Demnächst steht ein Konzert von Daisy Town in Berlin an
Weitere Konzerte sind in trockenen Tüchern. Nächste Woche etwa ginge es nach Berlin, in einen reinen Countryladen, erzählt die Band. Da würden dann durchaus Vergleiche mit anderen, berühmteren Countrybands gezogen. Dementsprechend sei die Herausforderung größer als heute Abend in der Kulturmühle, wo das Publikum wahrscheinlich auch geklatscht hätte, wenn sie „Hello Again“ gespielt hätten.
Überhaupt, die Inhalte: In den meisten Countrysongs ginge es ja um Trucks, um Pferde und ums verlassen werden, behauptet Sängerin Eyres.
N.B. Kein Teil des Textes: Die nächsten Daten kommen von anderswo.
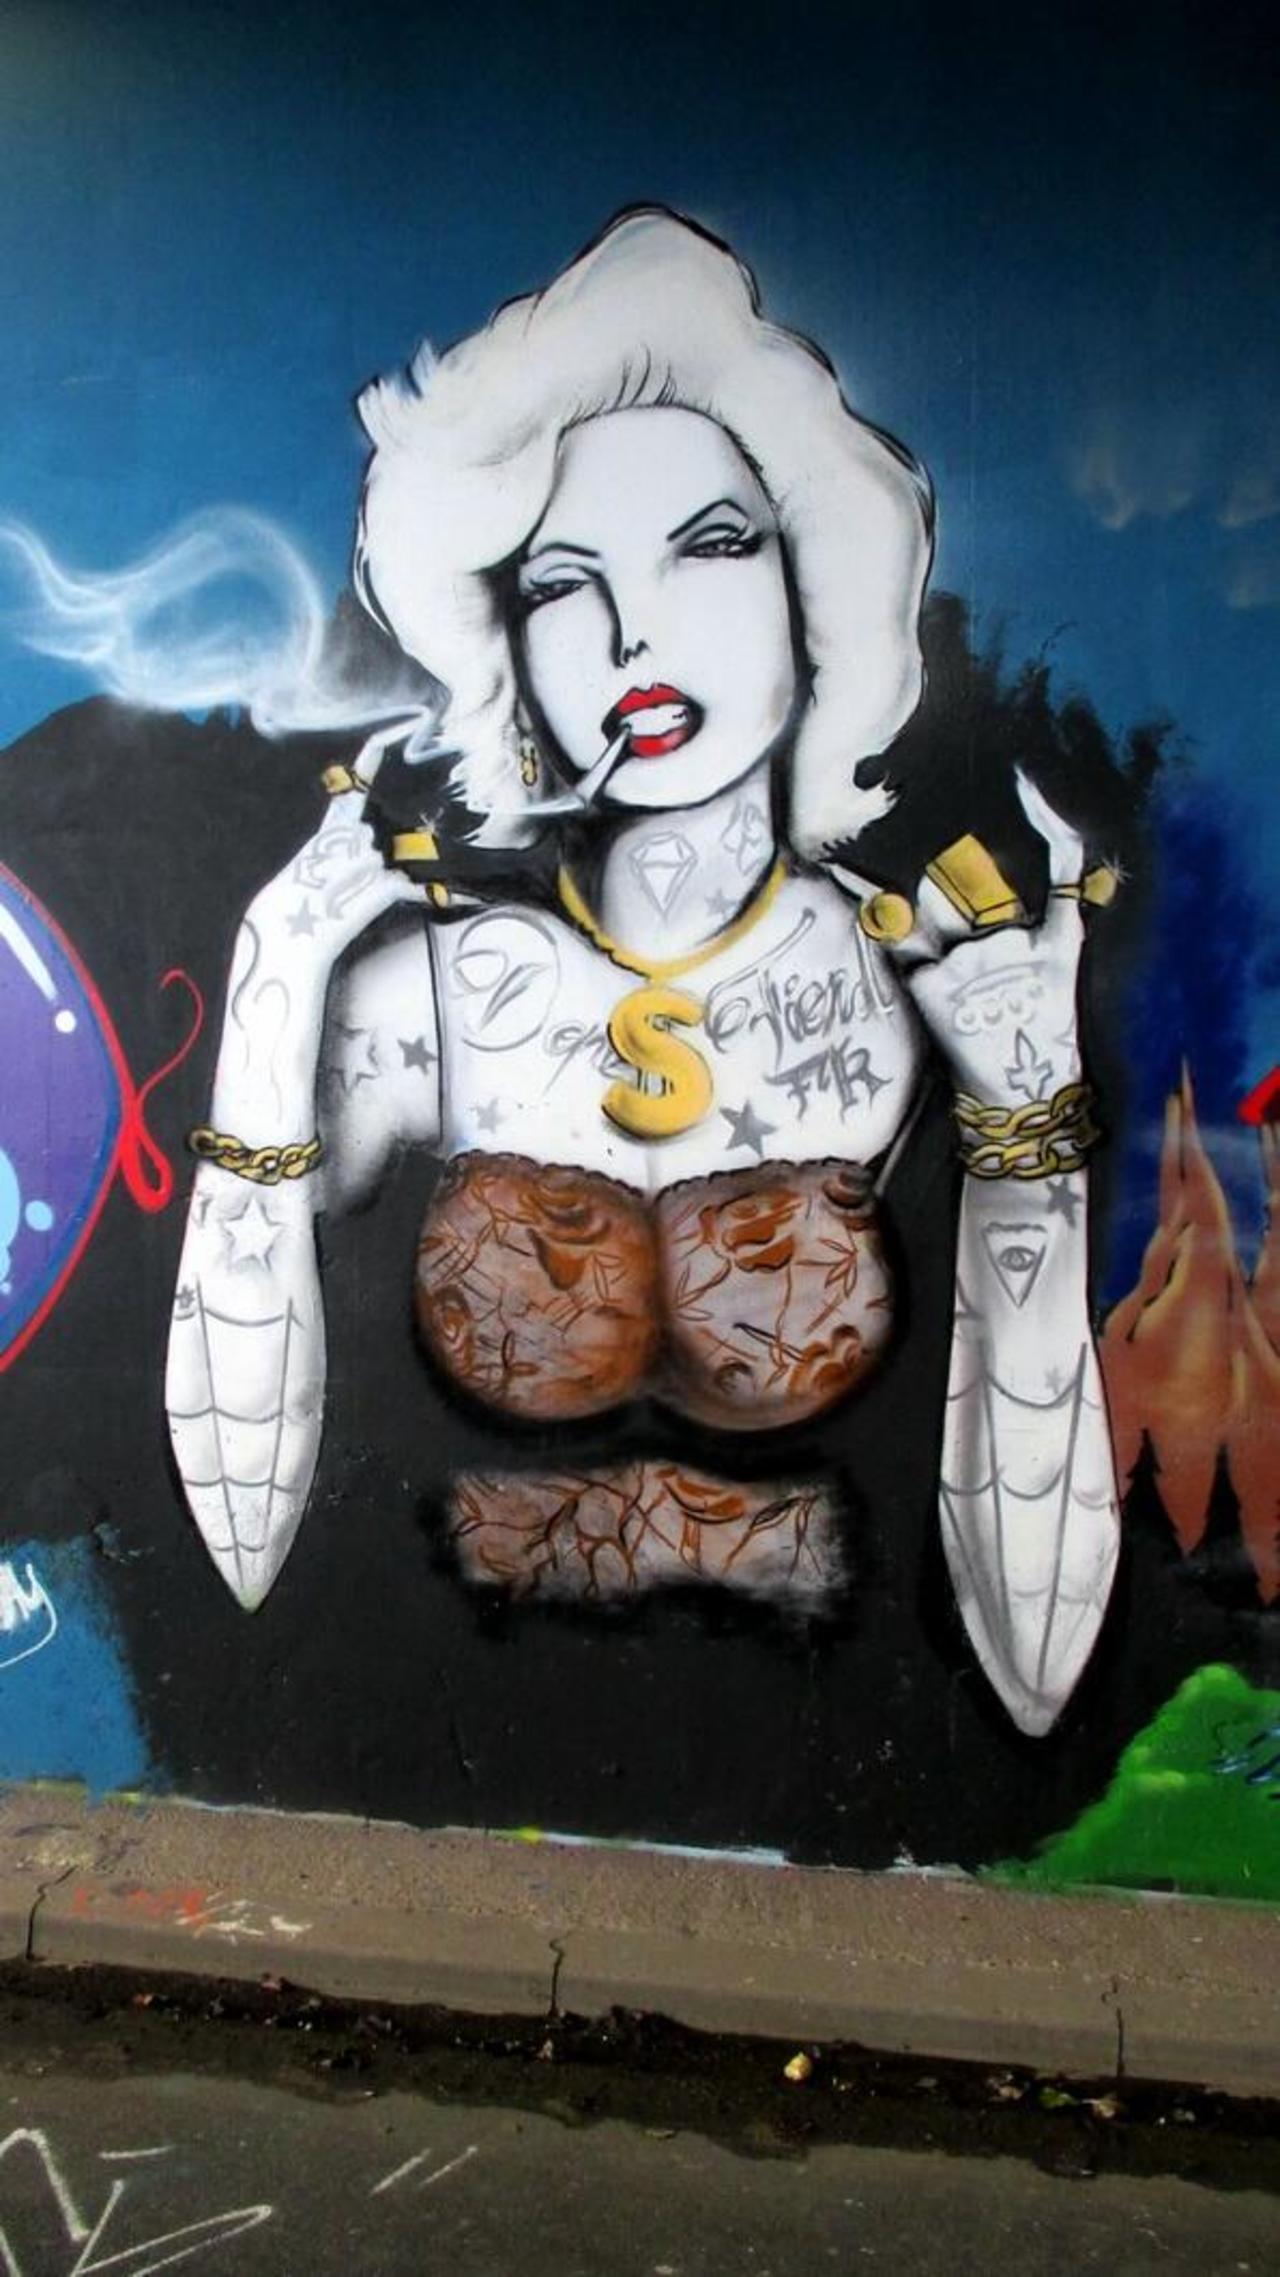 RT "@RRoedman: smoking woman #streetart #graffiti #mural  in #Delft #Netherlands, 2 pics at
 http://wallpaintss.blogspot.nl/ http://t.co/ZbXwS48X8Q”

Heute geht es tatsächlich auch um Flüsse, um die endlose Prärie, um Highways, um Freiheit, um Miniröcke und um „Daddy hat’s dir immer gesagt, du dummes Gör, und jetzt hol‘ mir ’n Bier.“ Den rund 60 Countryfans in der Mühle ist es herzlich egal, ob Laster oder der Klepper den Cowboy verlässt. Sie lassen sich ein auf den Gute-Laune-Country – wäre man jetzt in Texas und nicht im Weserbergland, würden wohl Hüte in die Luft fliegen – oder Pferde. Viel Applaus für eine runde Sache.